The policy, encouraged by Walmart, has been used for several years in some Tennessee counties. An appellate court judge calls the practice “unreasonable, unjust, and violative of due process.”
A Tennessee appellate court has declared “unjust” a controversial policy backed by Walmart that labeled shoplifters as burglars and put them in prison – for stealing something as inexpensive as a toothbrush, reports the Knoxville News Sentinel. Tennessee Criminal Court of Appeals Judge Camille R. McMullen, backed by two colleagues, said the policy is a perversion of a state law intended to punish people for breaking into houses or locked businesses. “Our review of the legislative history of the burglary statute shows that charging of burglary in these instances is unreasonable, unjust, and violative of due process,” McMullen wrote.
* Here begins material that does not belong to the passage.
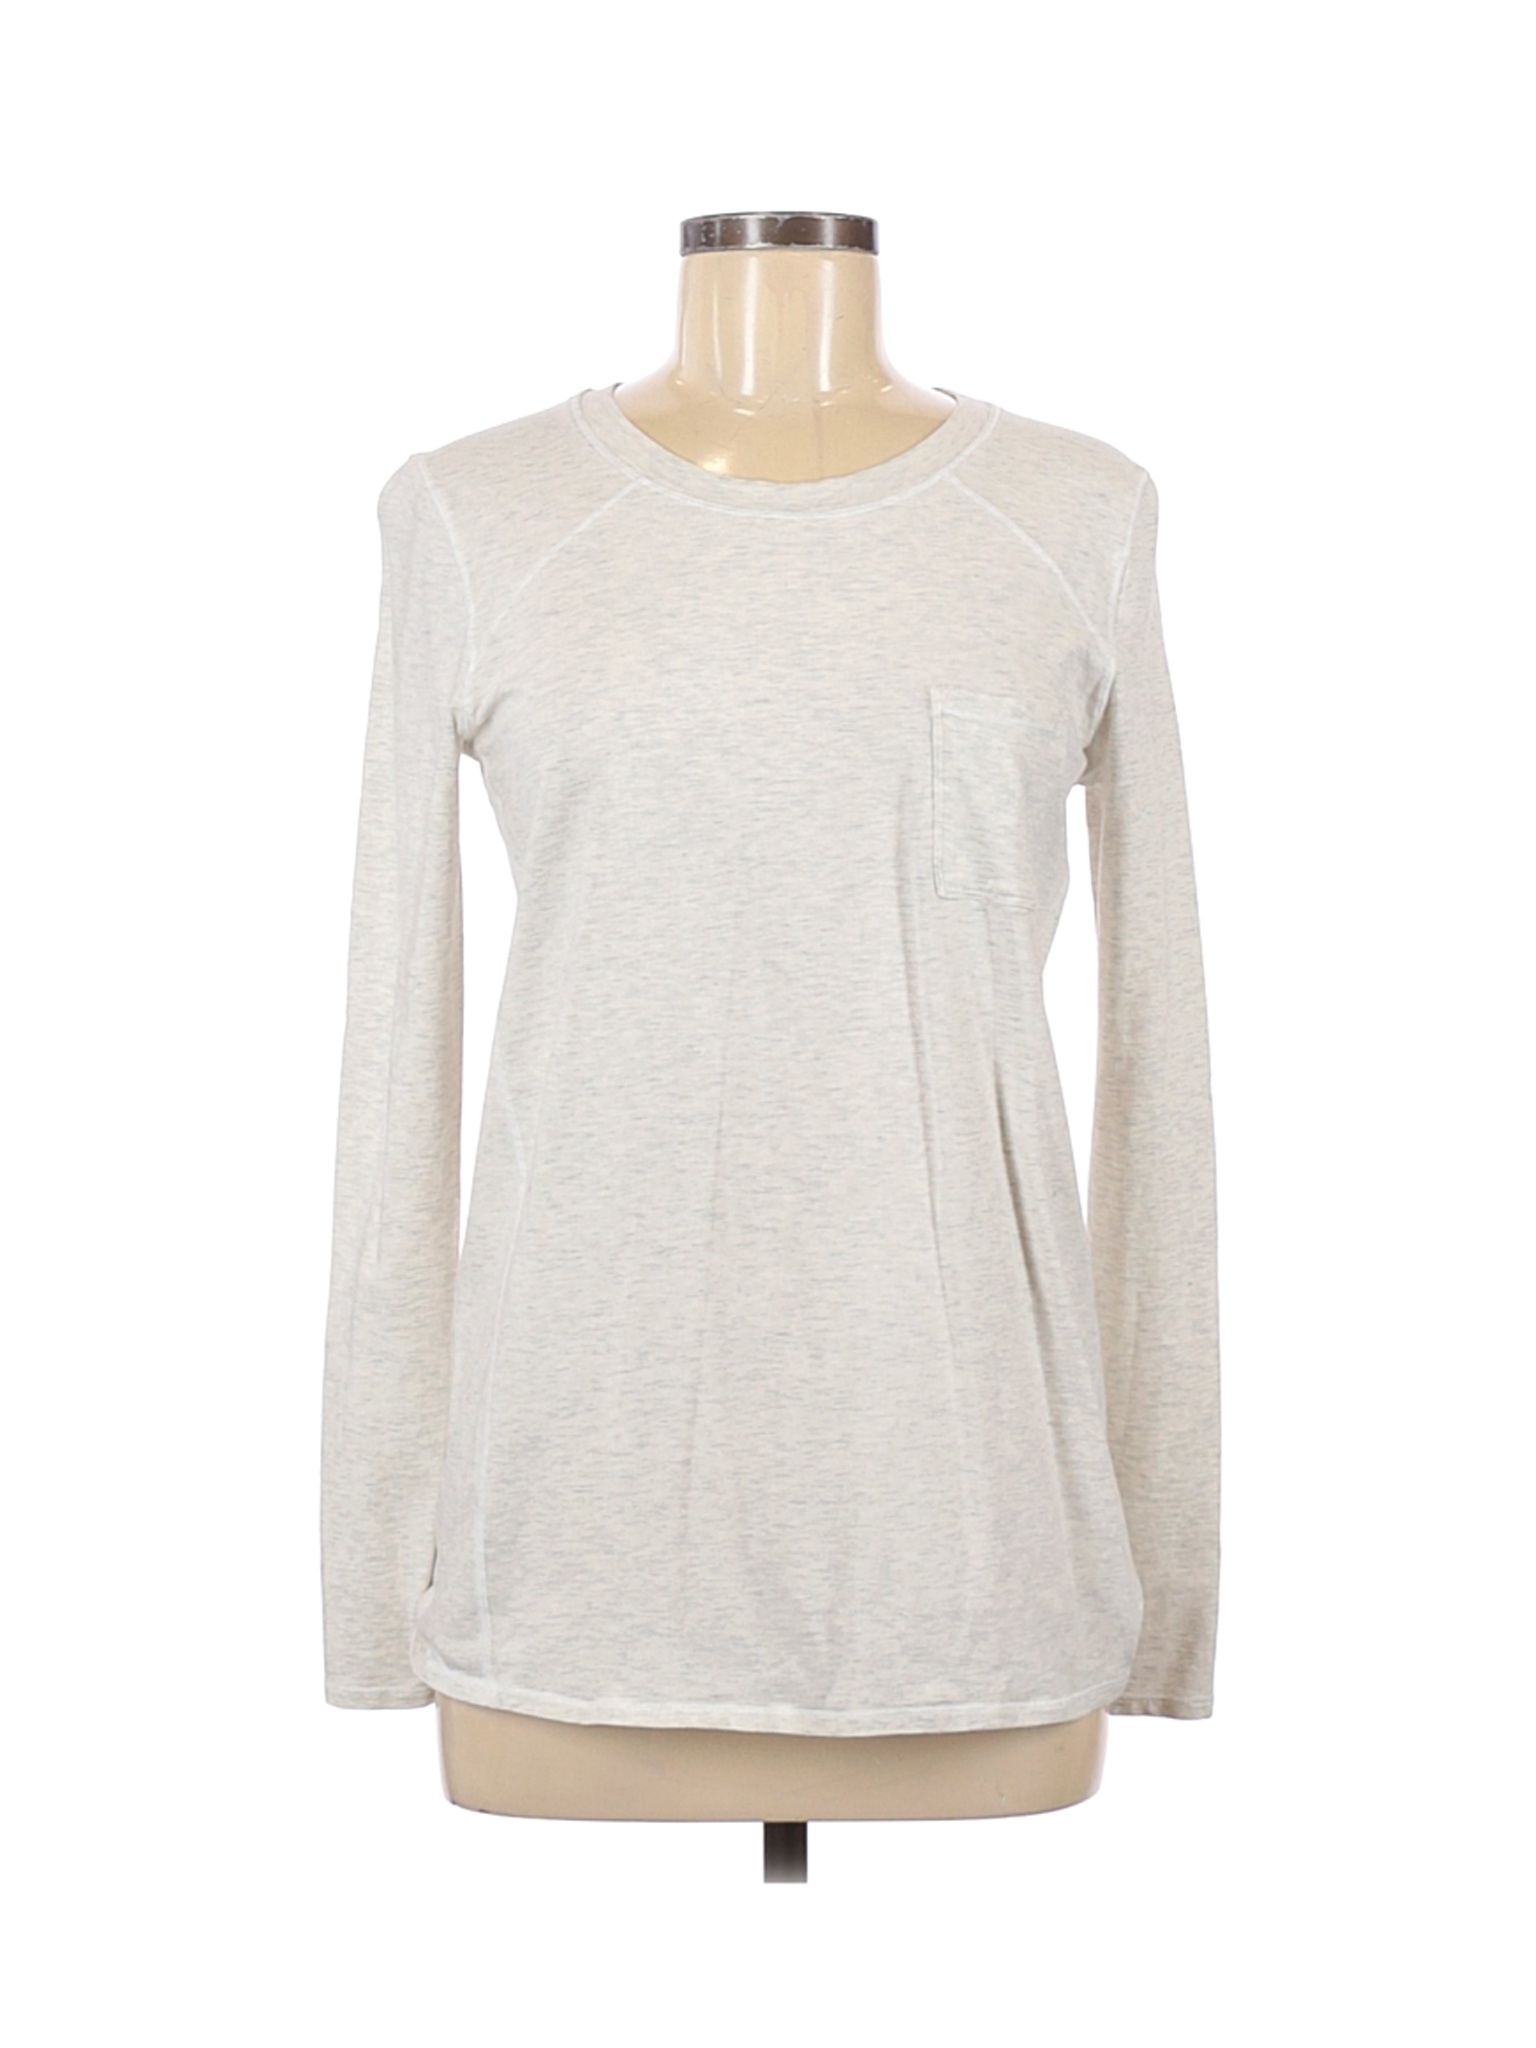 Lululemon Athletica Women Gray Long Sleeve T-Shirt 8 | eBay

Nonetheless, prosecutors in Knox County say they will continue charge shoplifters with burglary, saying the ruling amounted to a mere legal opinion. The idea of charging shoplifters as burglars arose first in Davidson County, where it was soon abandoned over fear it was unconstitutional. But Knox County began using the same policy in 2014, mostly at Walmart stores, which has long supported tougher penalties for repeat shoplifters. The key legal question is whether a store like Walmart, which is open 24 hours a day to the public, can be burglarized under the law. The case in question in the court ruling concerned a woman who was charged with burglary in connection with the theft of $72 from a Walmart in Putnam County, Tenn.